Balancing the politically charged and spirit-awakening philosophical songs on Stardust Angels Ghosts, the personal heart and soul of the project are the love songs to his Jamaican born wife Sam. Another sweet line in “Brown Eyed Angel” conveys the sense of emotional and spiritual resurrection from a very dark time Binkley went through after the sudden passing of his late wife in 2003. He sings to Sam: “Offered your hand in pleasure, took the pain away/Beauty and pleasure turned the lights back on.”
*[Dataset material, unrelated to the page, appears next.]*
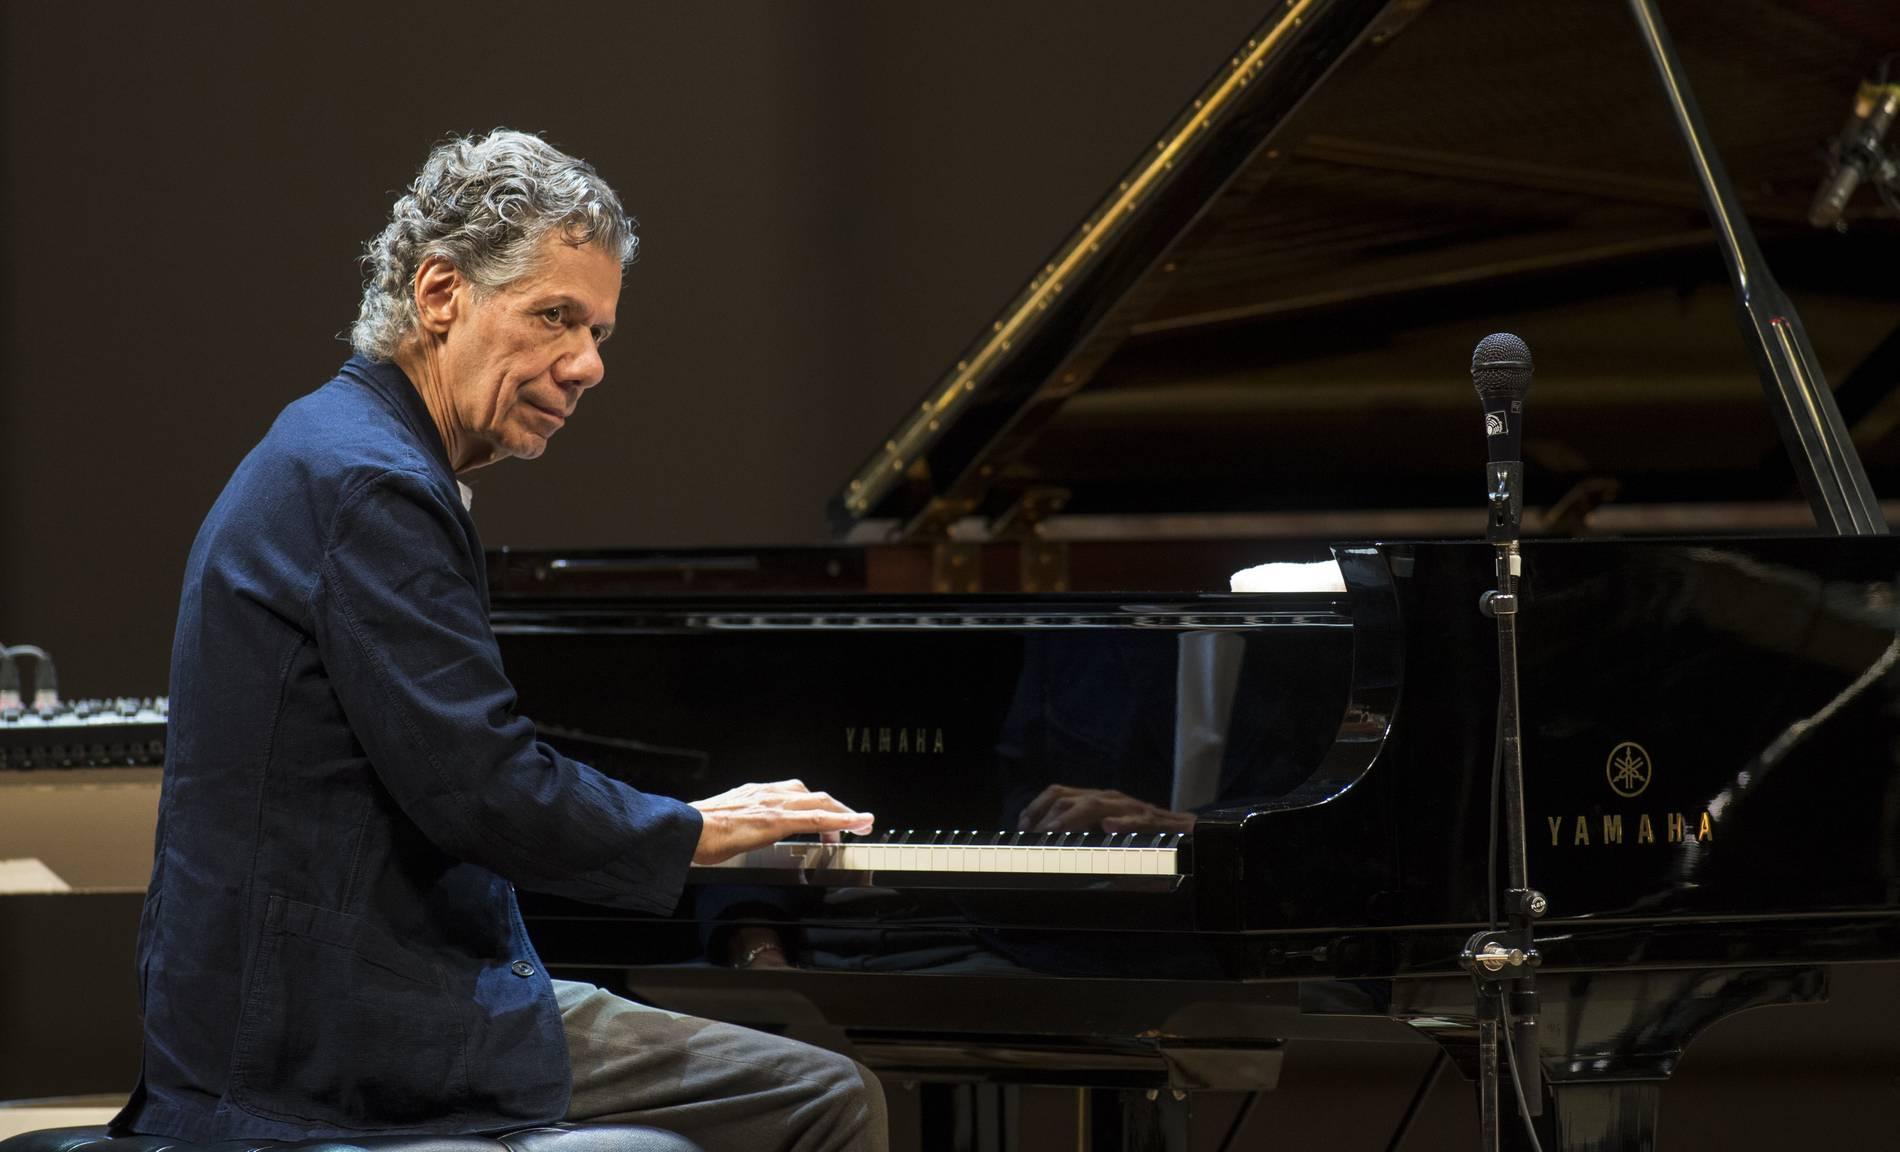 Der legendäre Jazpianist Chick Corea ist im Alter von 79 Jahren gestorben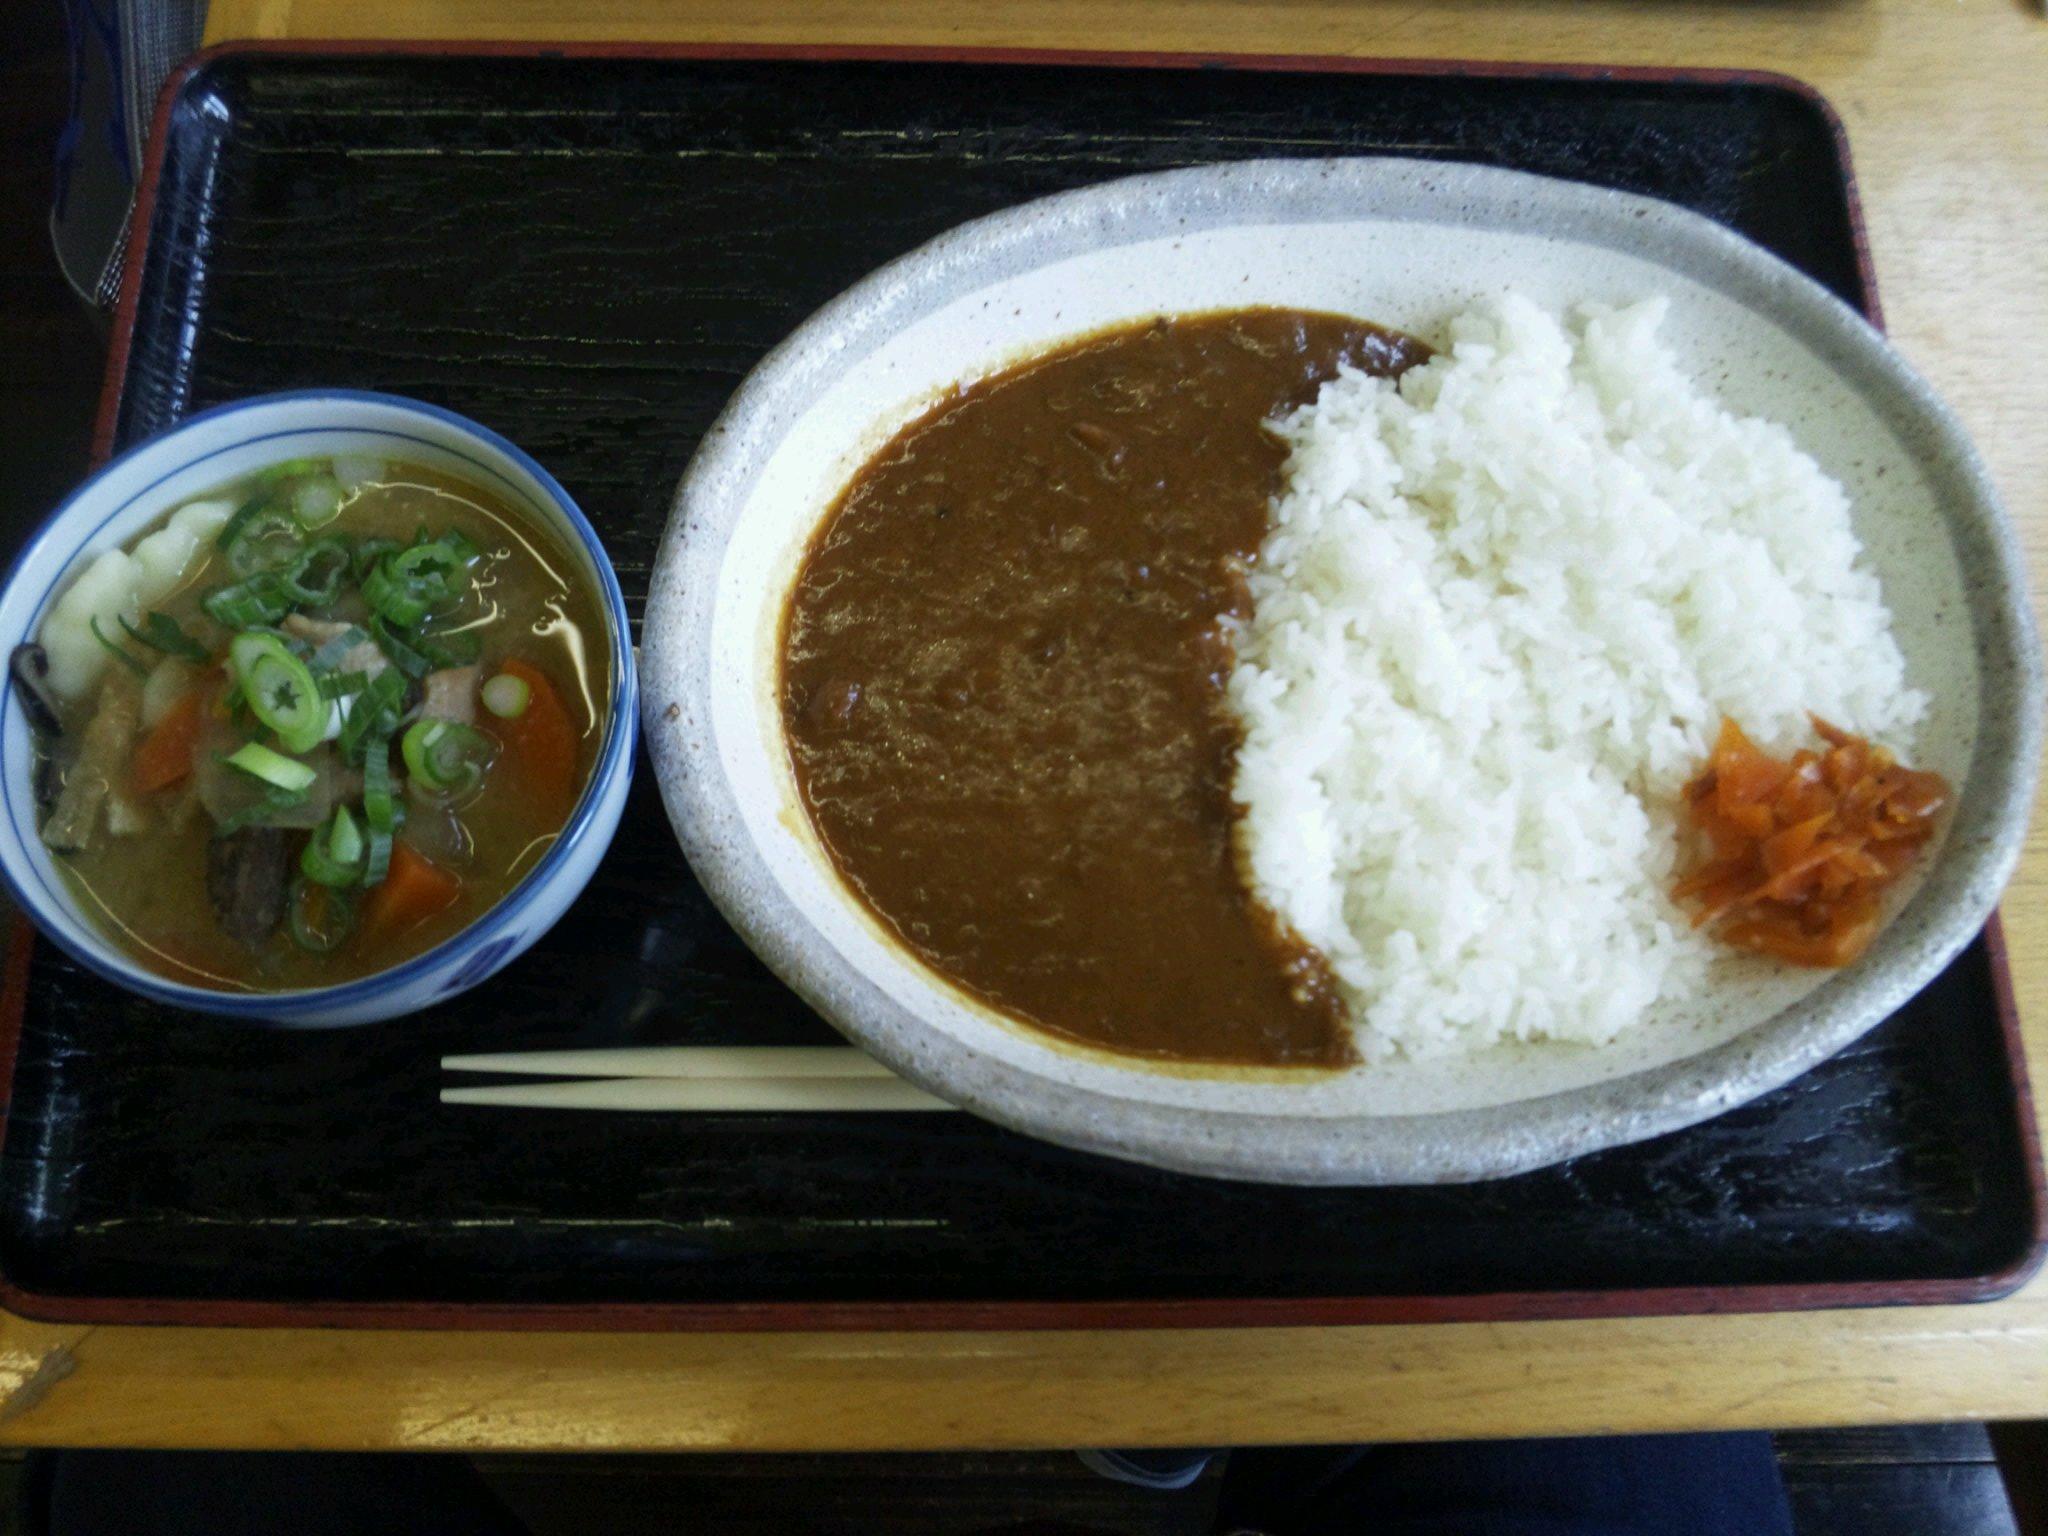 【佐俣の湯レストラン】美里町でランチ!佐俣の湯のお風呂上がりにいかが?

The passing of his wife in 2003 prompted many powerful changes in Binkley’s life. He disbanded his Street Dogs band; made the decision to wind down his involvement in outside business interests; and began to spend more time on Orcas Island in Washington’s peaceful and picturesque San Juan Islands, where he built a second home. The island has been a retreat for Binkley for nearly 50 years. He also spent time there with his longtime musical collaborator and onetime band mate Steve Dudas, who plays guitars on the new album. Dudas is known for his songwriting collaboration with Ringo Starr and touring as a young guitar player with Chuck Berry. Another key longtime collaborator and onetime band mate featured on the new project is Mark Hart, well known for his many years with Crowded House and Supertramp. Hart is part of the core band on Stardust Angels Ghosts, playing keyboards, organ, lap steel, pedal steel and slide guitars.
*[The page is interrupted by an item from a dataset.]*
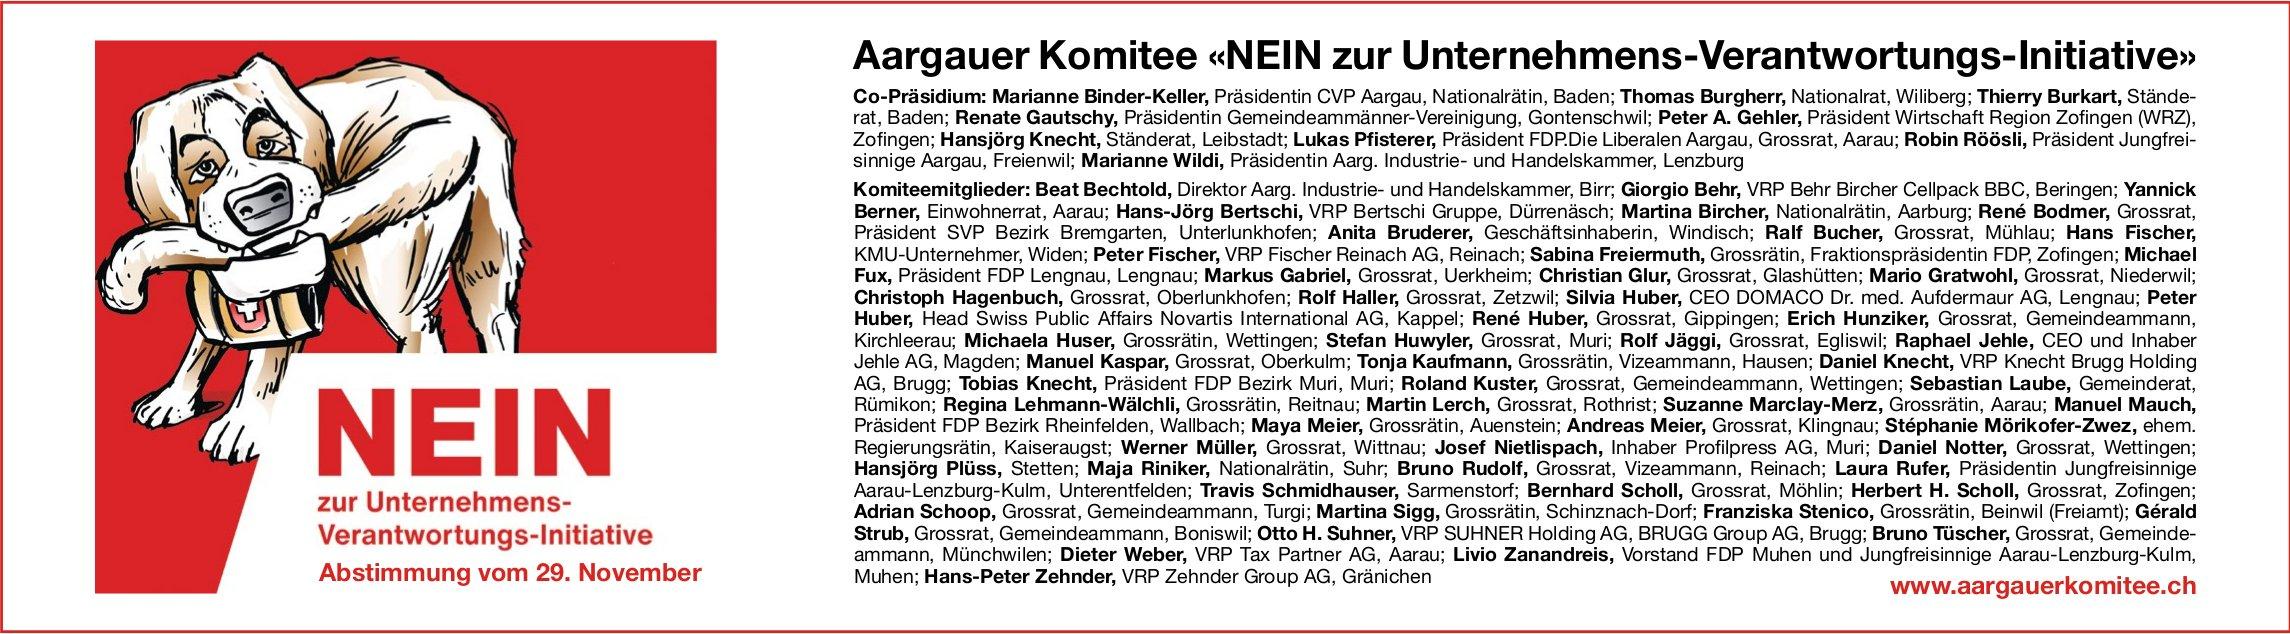 Aargauer Komitee, NEIN zur Unternehmens-Verantwortungs-Initiative

Looking back, one of the essential experiences that originally led Binkley into the craft of songwriting came in 1975, when he left his day job in finance to study at the Songwriting Workshop at the Guitar Study Center in New York City with Paul Simon’s brother Eddie and music industry veteran Barry Kornfeld. Barry became Binkley’s mentor, ribbing him at one point as “the singing banker.” In the early 80’s in LA, Binkley formed a band which included Dudas and Hart (and the late Doug Lunn who plays bass on “Slow Dance,” the fourth track on the new album) and recorded demos and played The Palomino Club in The Valley. His concurrent time in the steel and glass corporate world would ultimately lead to the fascinating duality he chronicled on Pin Stripe Brain. The collection gave him the opportunity to reflect, in song, upon his fears of the slow wasting away of youthful curiosity and creativity as we inevitably age and become locked into our respective careers, however remunerative.
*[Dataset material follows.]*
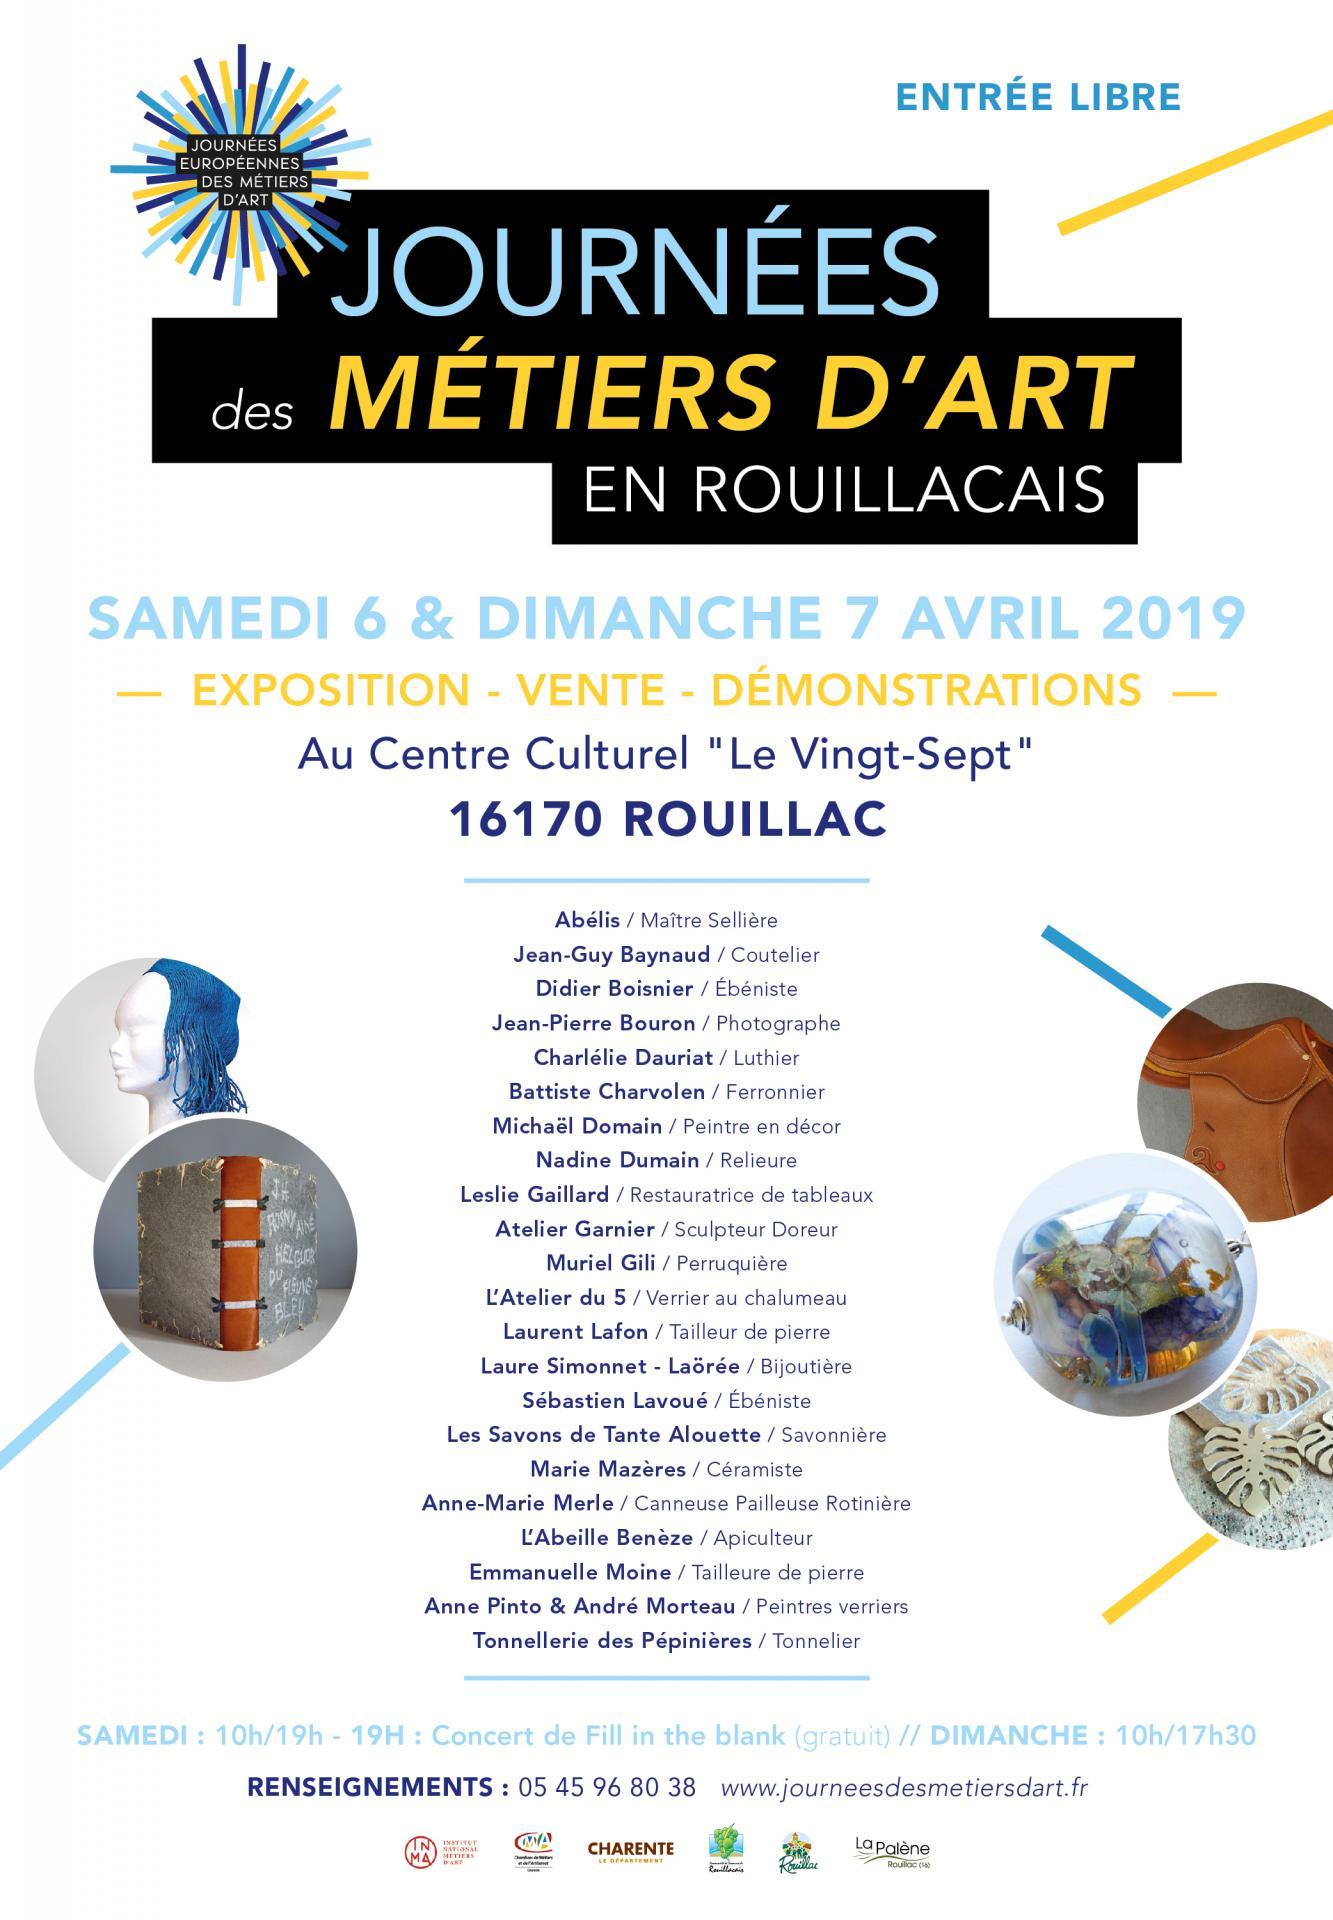 Journées des Métiers d'Art en Rouillacais 2019

“For many years, my musical life was about shattering the image of all ‘Pinstripe Brains’ as one-dimensional automatons. But since 2003, writing is more salve, a kind of self-medication, self-reflection, meditation even. Stardust Angels Ghosts, further reflects on, recognizes, and honors the redemptive power that is empathy and our innately human ability to let love in and heal us. It’s a plea for all of us in this complex universe to become more aware of our indivisibility even though we may think ourselves invisible, ghosts moving through an urban or desert landscape, and realize that we are all, in essence, stardust. As I start to sing ‘We Are Stardust,’ I quote from Walt Whitman’s poem, ‘Song of Myself’: ‘…from every atom belonging to me, as good belongs to you...’ and then repeat the refrain, ‘We’re all in this together’.”